La puissance politique, la puissance militaire, la puissance économique permettent à un pays d’être un acteur sur la scène internationale. Cependant, le rayonnement de ce pays n’est pas tout à fait suffisant au regard de l’Histoire. On se souviendra de lui pour avoir eu un homme politique d’envergure, remporté une victoire décisive, trouvé des solutions à une crise économique. C’est déjà remarquable. Il y manque quelque chose de l’ordre du solaire, de l’ordre de la grandeur. Il y manque ce qui donne un sentiment d’appartenance, de fierté aussi à tout individu, fût-il « un déraciné mal guéri de ses racines », un délocalisé, un immigré : savoir qu’autrefois son pays fut un grand pays de culture et qu’on s’en souvient encore.

Apporter une contribution à l’histoire de la pensée humaine, ou à ce qu’on appelait jadis les Humanités ou les Belles-Lettres ; avoir une langue créatrice qui permette, parce qu’elle n’est pas devenue un simple outil, de moduler tous les rapports complexes qui agencent les pensées entre elles ; créer dans le domaine artistique, ce domaine énigmatique et silencieux, et permettre ainsi d’exprimer concrètement le génie d’un pays, de mettre en forme ses traits propres – voilà ce qui relève de l’excellence culturelle.

Donner naissance à des personnages (artistes, écrivains, philosophes, musiciens, architectes), à une pensée, à des œuvres, confère à un pays le titre de puissance culturelle.

Cela relève de réalisations concrètes. Ce n’est pas un vœu pieux émanant de quelques élites. C’est de l’ordre de la Création.

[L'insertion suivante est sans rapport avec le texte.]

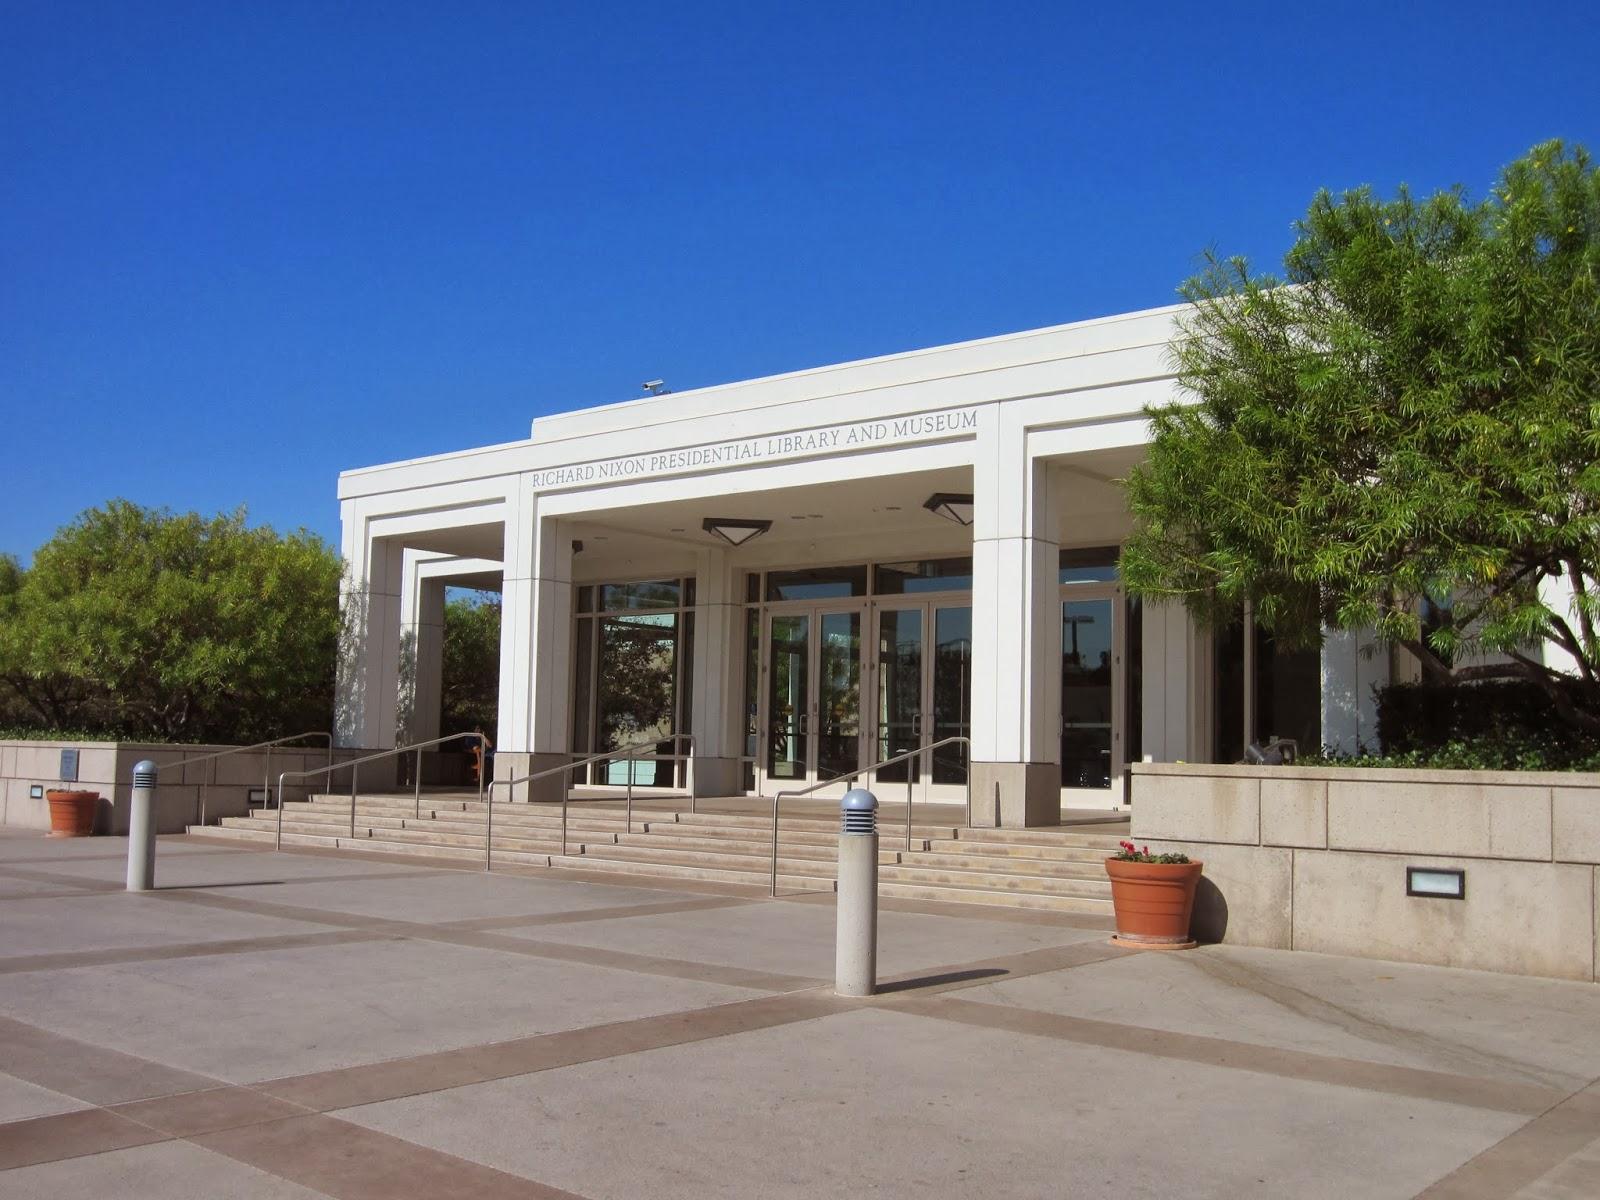 Whittier College Tuition >> Souvenir Chronicles: YORBA LINDA, CALIFORNIA: RICHARD NIXON PRESIDENTIAL LIBRARY, Part 1, Nixon ...

L’obtention de ce titre ne dépend pas de vous. Ce sont vos pairs, les autres pays dans le monde, qui vous reconnaissent comme puissance culturelle, parce que vous exercez une influence qui dépasse les frontières géographiques. Vous avez de l’attractivité, du charisme, de l’autorité. Vous êtes « respecté » et non pas simplement redouté. Deux critères entrent en jeu dans l’évaluation de cette influence : l’espace et le temps.

En termes de rayonnement culturel, il faut que l’attractivité de ce pays abolisse les frontières. Ce qu’il crée exerce une sorte de séduction aux quatre coins de la planète et suscite un désir d’imitation, voire de l’admiration.

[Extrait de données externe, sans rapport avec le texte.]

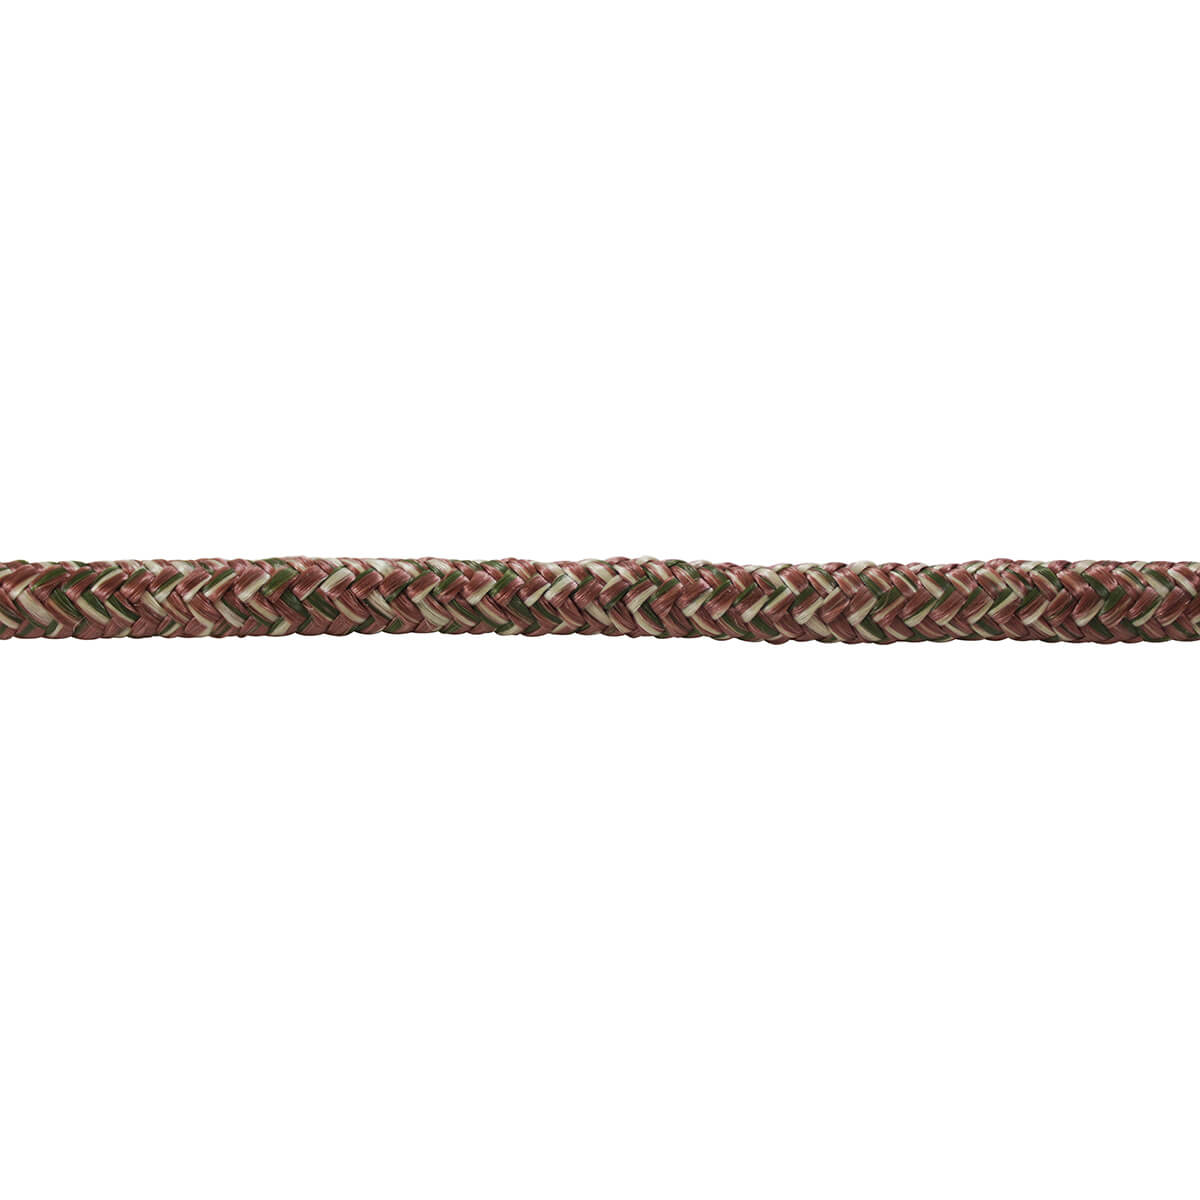 Polypropylene Diamond Braid Rope - Camoflauge - 3/8-in x 100-ft

Ce qu’il crée doit aussi résister au verdict du temps qui passe. Ce n’est pas une simple fulgurance.

Ce sont ces deux notions, l’espace (une influence qui dépasse les frontières) et le temps (le verdict de l’histoire) qui confèrent à un pays le titre de puissance culturelle.

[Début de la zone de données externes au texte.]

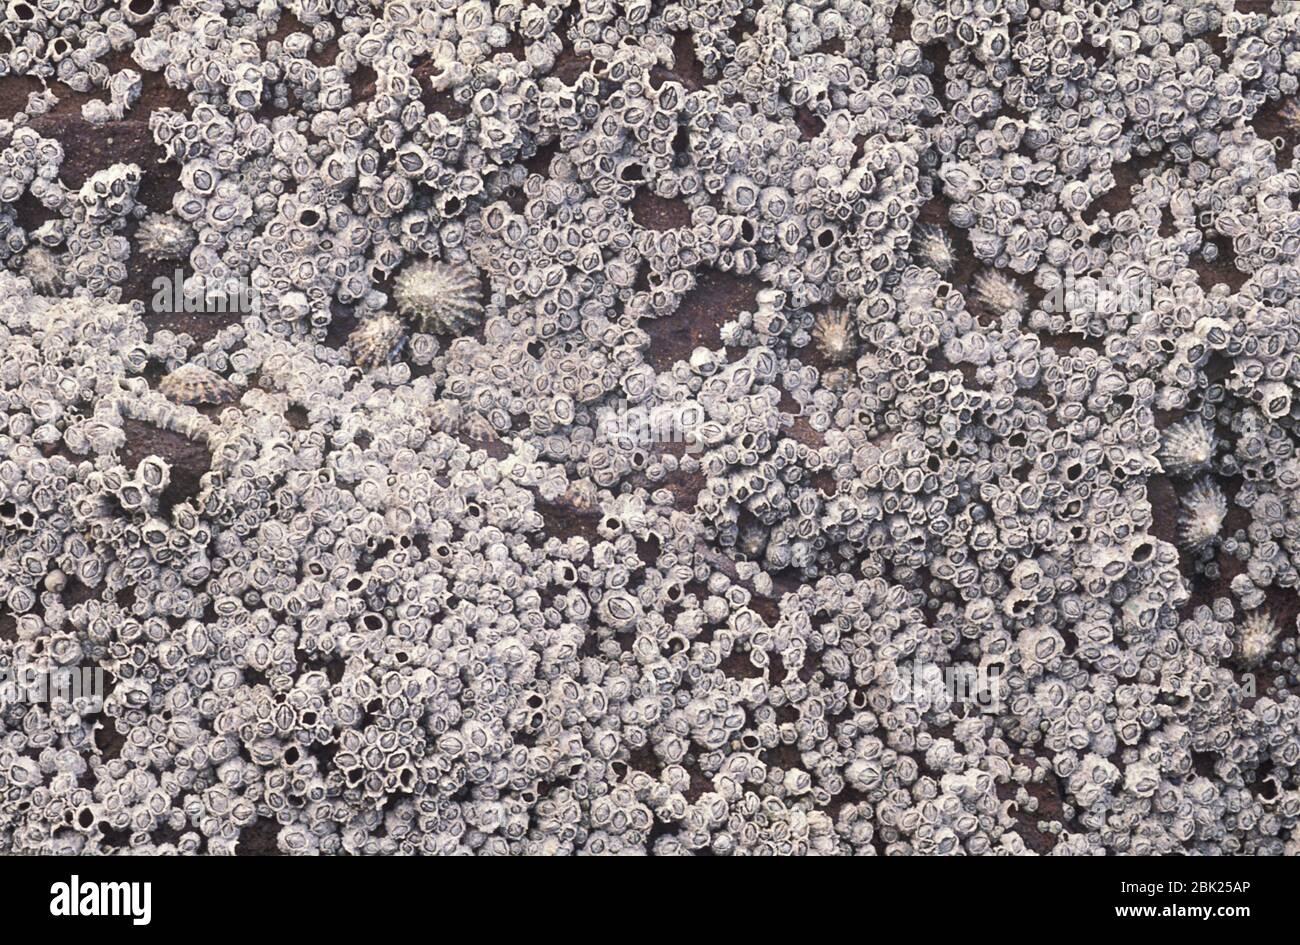 Barnacles de Acorn, Balanoides de Semibalanus, sobre rocas en la playa, Reino Unido Foto de stock

Je pense à la Grèce de Périclès, à l’Italie de la Renaissance, à la Chine des Tang et des Song, à la Russie de Tolstoï, à l’Angleterre de Shakespeare, à l’Allemagne des philosophes et des musiciens, à la France des Lumières, aux pays d’Afrique dont les sculptures cultuelles offrent des solutions plastiques qui ont fertilisé l’art du 20ème siècle occidental – la liste n’est pas close…

Ce rayonnement ne s’achète pas contrairement à ce que croient les Américains. Cependant, le cinéma américain a une chance de rentrer dans la culture de l’humanité parce que certains films sont de très belles réalisations artistiques et qu’ils expriment en profondeur «  l’esprit américain ». En effet, une condition est nécessaire pour que le processus de création soit susceptible de s’enclencher au cœur d’un pays et que l’œuvre ne soit pas une copie ou un pâle reflet d’œuvres qui ont beaucoup de force et furent créées ailleurs : la fidélité à soi-même.

Lorsqu’un pays est fidèle à lui-même et qu’il s’aventure dans la modernité en plongeant ses racines dans les traditions, les conditions sont réunies pour permettre à ce pays de devenir (rester ou redevenir) une puissance culturelle à travers les œuvres créées par ses écrivains et artistes. Cela suppose que ce pays ait une riche Histoire et qu’il l’assume totalement. Aucun créateur n’a jamais créé à partir de rien. Une plante pousse dans une terre féconde, pas dans un désert.